Interesting article on energy policy and how we're stuck into dumb long term positions.
Housing policy, too, needs to change. Supporting consumer spending on buying a new home instead of renting or rehabilitating an older home in the inner-city has led to suburban sprawl. Not only does this mean people drive more and drive farther but that they live in detached houses and work in suburban office parks and strip malls, all of which consume more energy than apartment buildings, town houses, and urban skyscrapers. We need to stop favoring new homeownership over renting (via the mortgage interest tax deduction and other subsidies). Decreasing the emphasis on homeownership and single-family home development will have the added benefits of preventing future housing bubbles and increasing socioeconomic and racial integration.

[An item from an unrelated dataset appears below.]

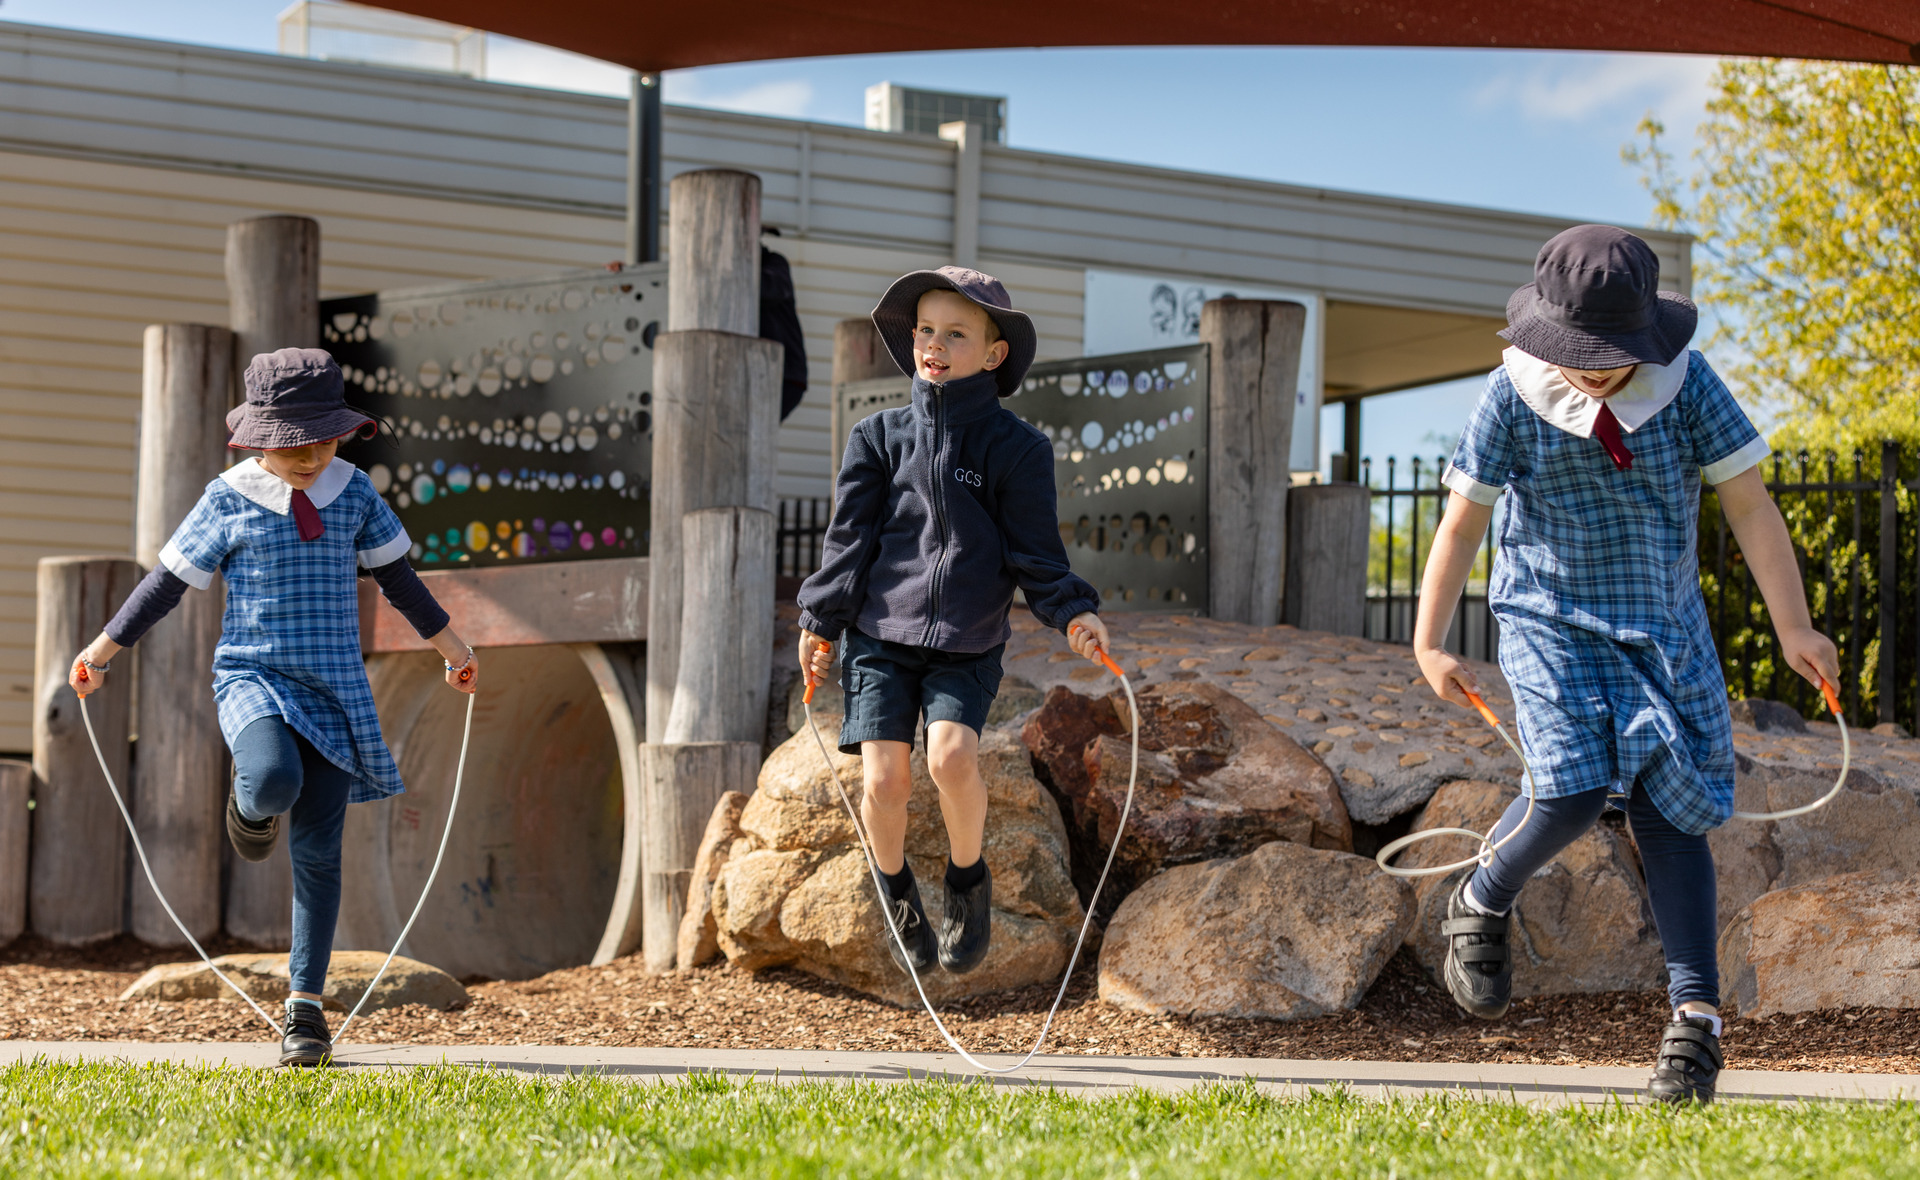 Three children in school uniform skip in front of a playground.
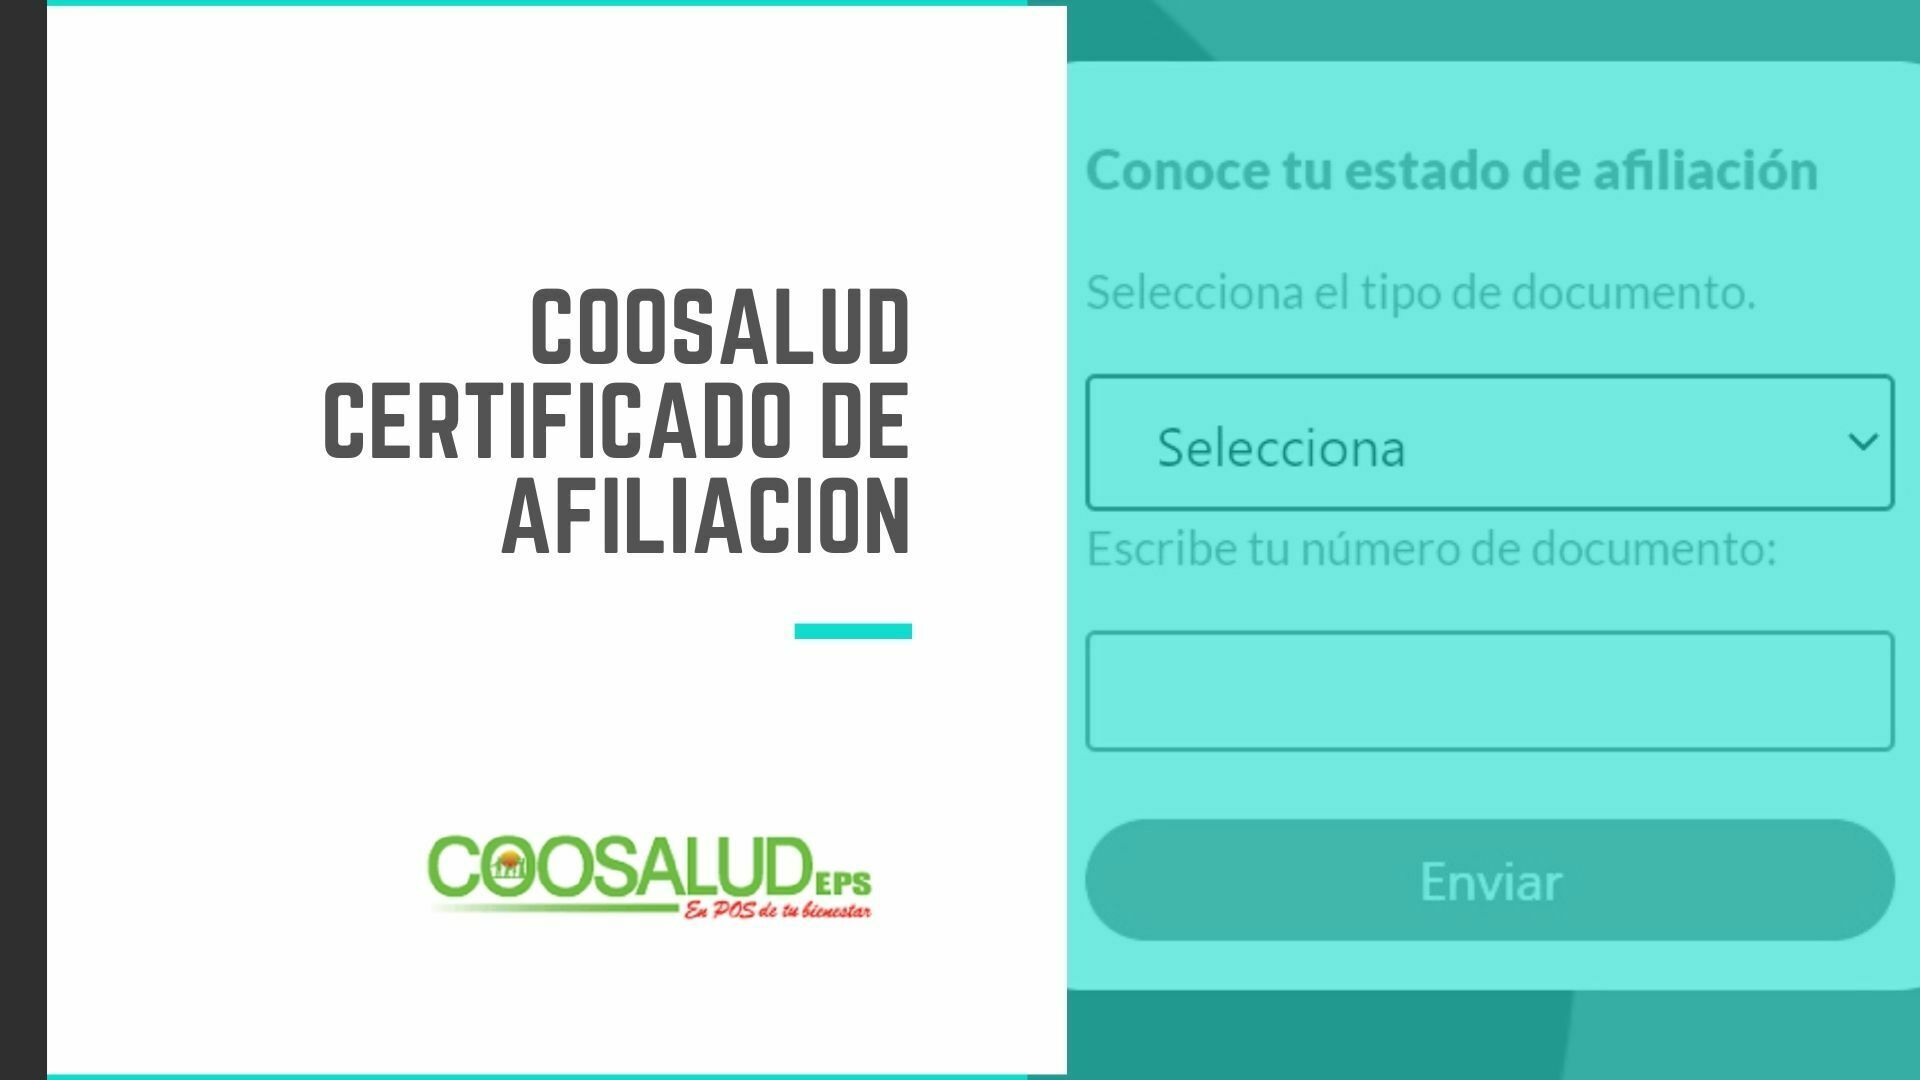 Coosalud Certificado de Afiliación

Middle-class families are also lured to the suburbs by education policies that allow those schools to be so much better than the ones in inner cities. Whereas many countries finance schools largely through general revenues at the national or regional level, the U.S. leaves most school funding up to localities, which often rely largely on property taxes. The result? Suburban school districts have more advantaged populations and better resources. Most suburban students rely on school buses or cars to get to school. This, of course, uses more oil than walking and the cost of all that gas guzzling has become a major problem for districts struggling with rising gas prices. But the bigger problem is that the socioeconomically segregated schools create inequality of opportunity and, from a land-use perspective, this means that middle-class families will keep leaving the city to give their children a better chance in life. If we raised state and federal income taxes and provisioned funding more equally across districts and also created regional mega-districts to integrate suburban and urban school districts, we could remove this incentive for white flight and suburban sprawl.
Interesting connections being made here.